■ What the task requires
All of the listing should be returned as written, apart from any picture in it.

[[ Given material open ]]

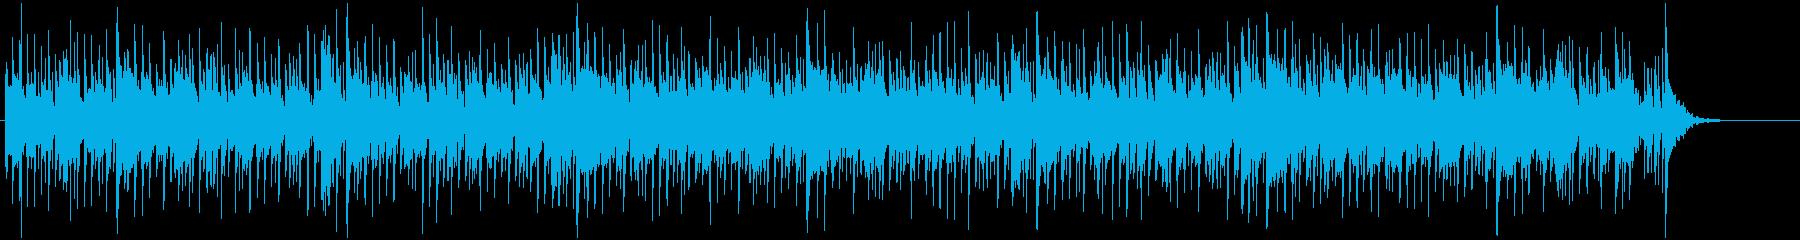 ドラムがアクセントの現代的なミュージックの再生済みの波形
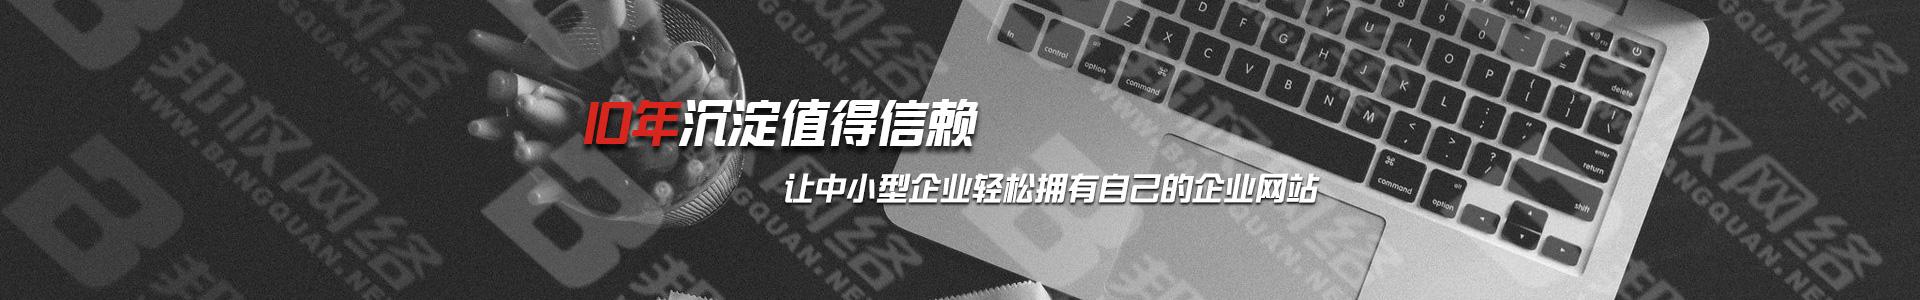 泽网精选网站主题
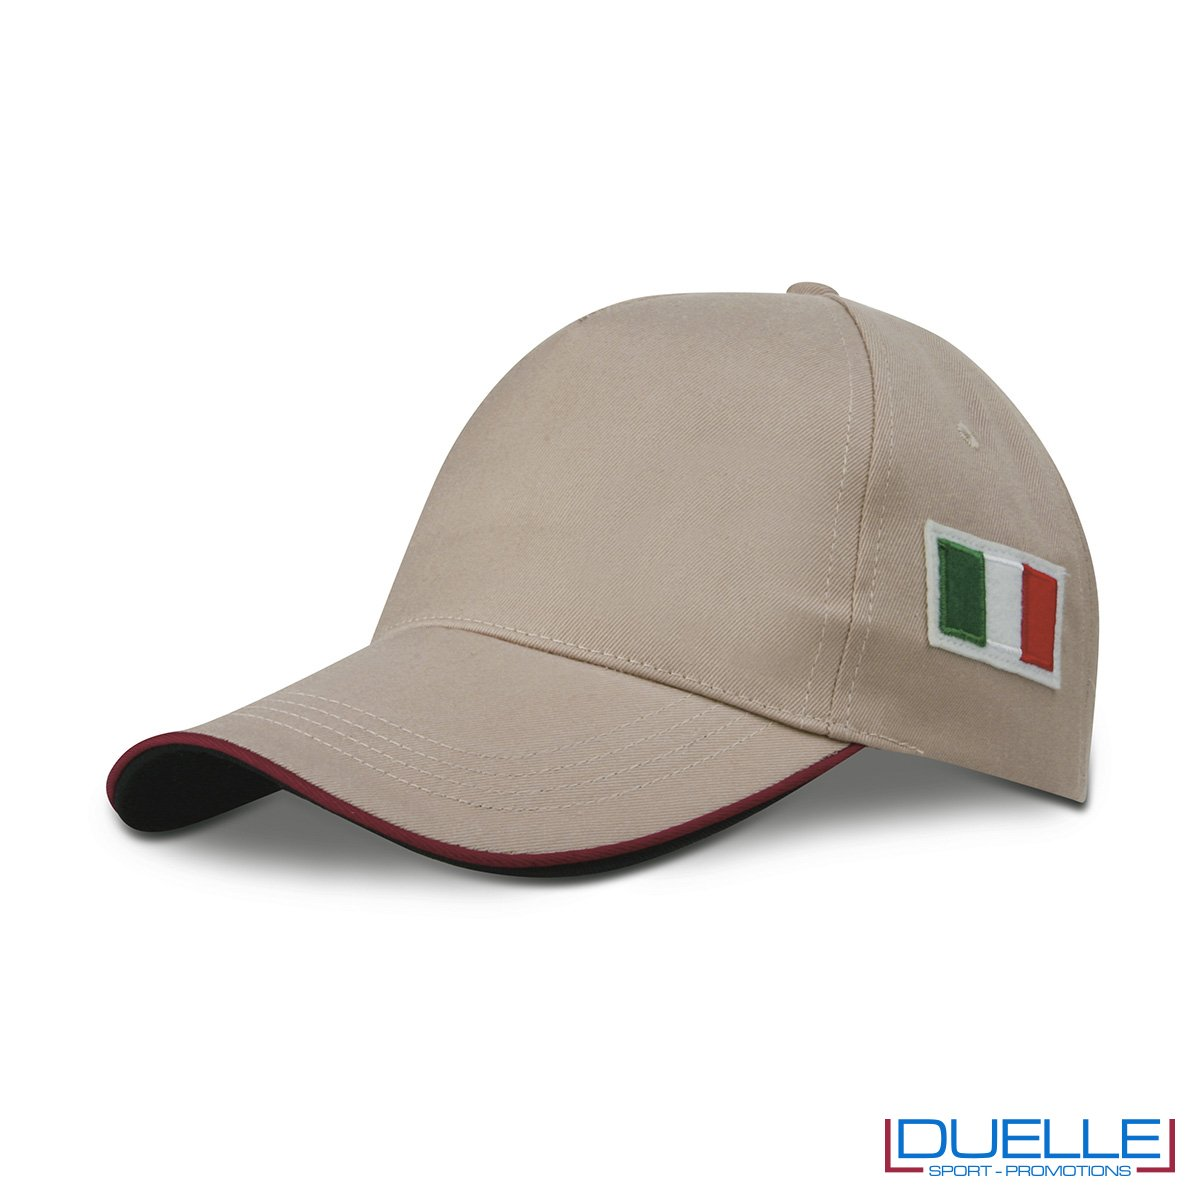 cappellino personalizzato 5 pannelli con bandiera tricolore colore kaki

[[ Given material closed ]]

■ Answer to the exercise
 ドラムがアクセントの現代的なミュージックの再生済みの波形
 泽网精选网站主题
 cappellino personalizzato 5 pannelli con bandiera tricolore colore kaki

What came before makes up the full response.